Metrics

Generates relevant metrics of the pangenome and the individual genomes and sequences.

  • On the pangenome level: the number of genomes, sequences, annotations, genes, proteins, homology groups, k-mers, and database nodes and edges.

  • On the genome and sequence level: assembly statistics and metrics about functional elements. The assembly statistics consists of genome size, N25-N95, L25-L95, BUSCO scores and GC content. An overview of the functional elements is created by summarizing the functional annotations per genome (and sequence) and reporting the shortest, longest, average length and density per MB for genome features such as genes, exons and CDS.

Parameters

<databaseDirectory>

Path to the database root directory.

Options

--include/-i

Only include a selection of genomes.

--exclude/-e

Exclude a selection of genomes.

--annotations-file/-A

A text file with the identifiers of annotations that should be used. The most recent annotation is selected for genomes without an identifier.

Example commands
$ pantools metrics tomato_DB
$ pantools metrics --exclude=1,2,5 tomato_DB
Output

Output files are written to the metrics directory in the database. Note: the percentage a genome or sequence is covered by a genes, repeats etc., (currently) does not consider overlap between features!

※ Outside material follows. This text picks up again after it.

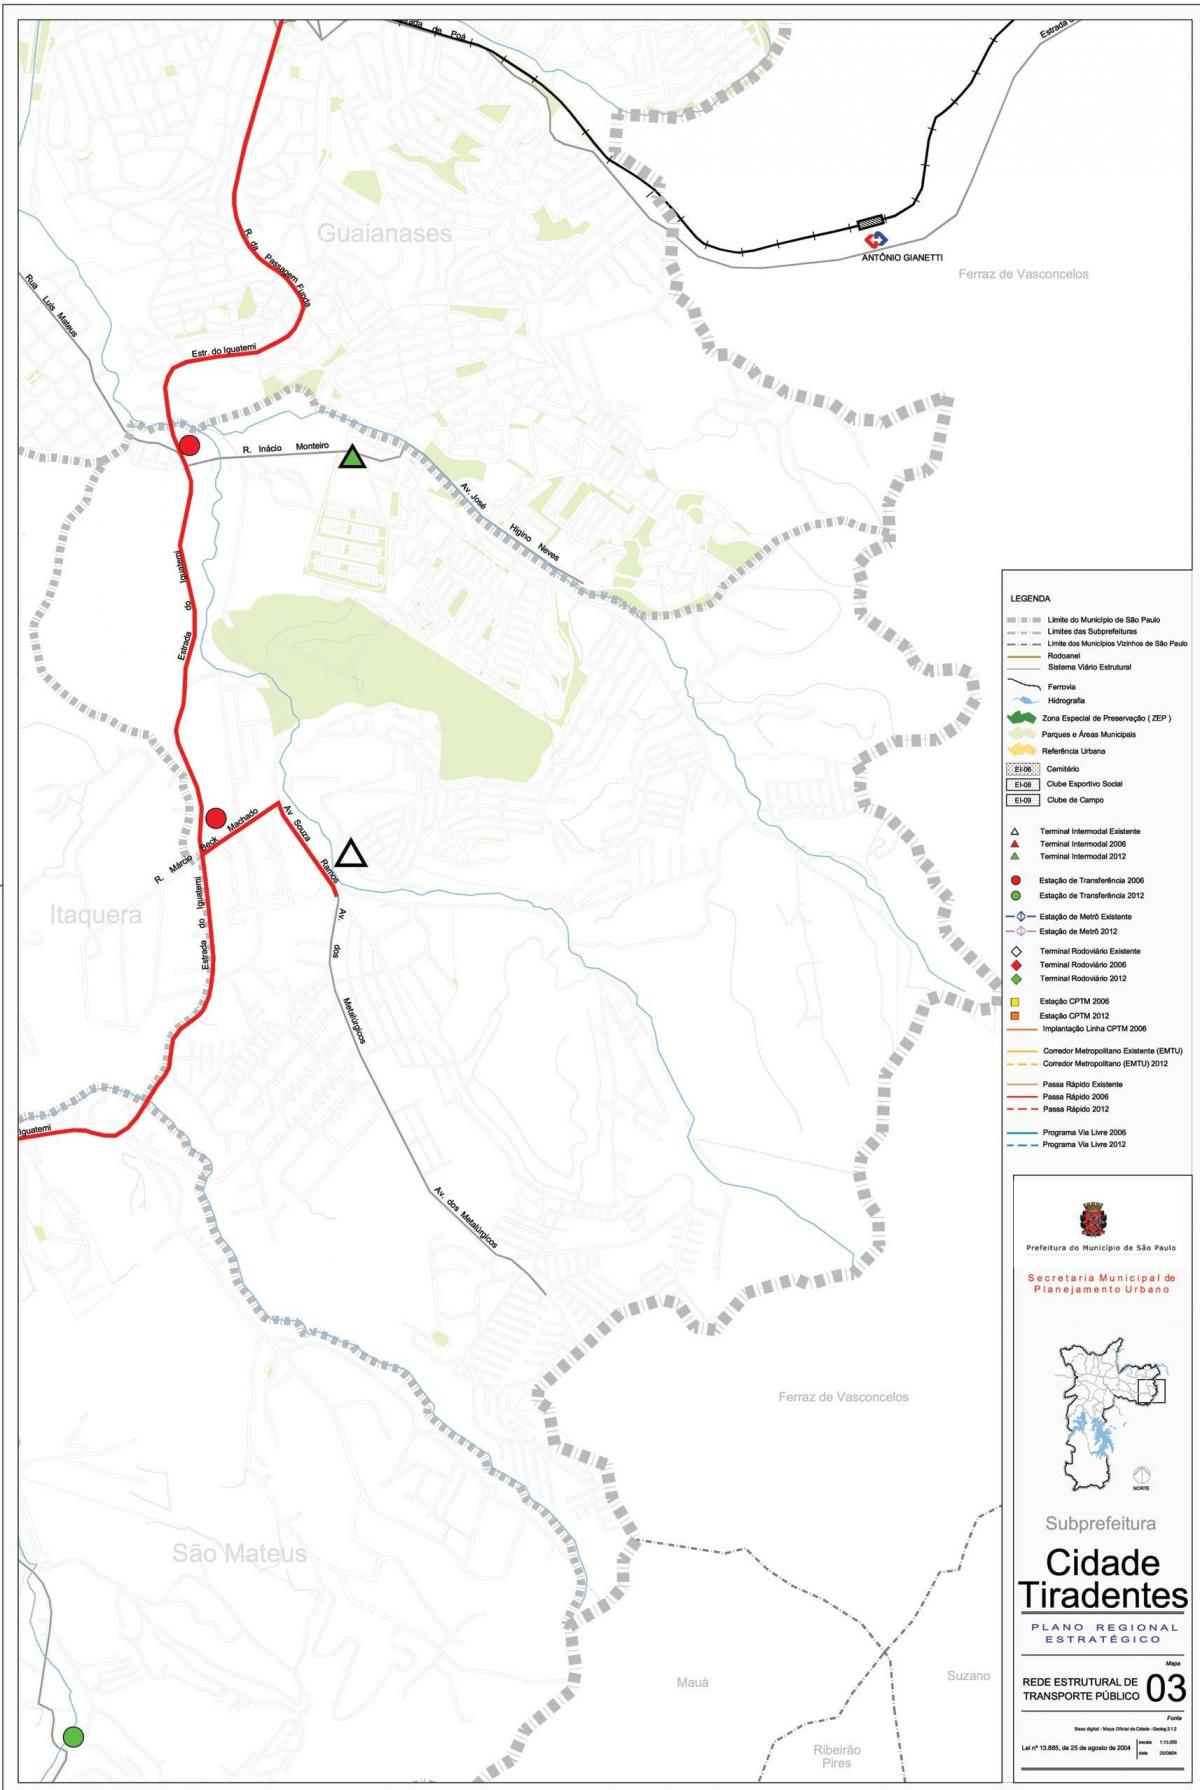 नक्शे के सिडेड तिरदेन्टेस साओ पाउलो - सार्वजनिक transports

  • metrics.txt, overview of the metrics calculated on the pangenome and genome level.

  • metrics_per_genome.csv, summary of the metrics that are calculated on a genome level. The output is formatted as table.

  • metrics_per_sequence.csv, summary of metrics that are calculated on a sequence (contig/scaffold) level. The output is formatted as table. This file is not created when using a panproteome.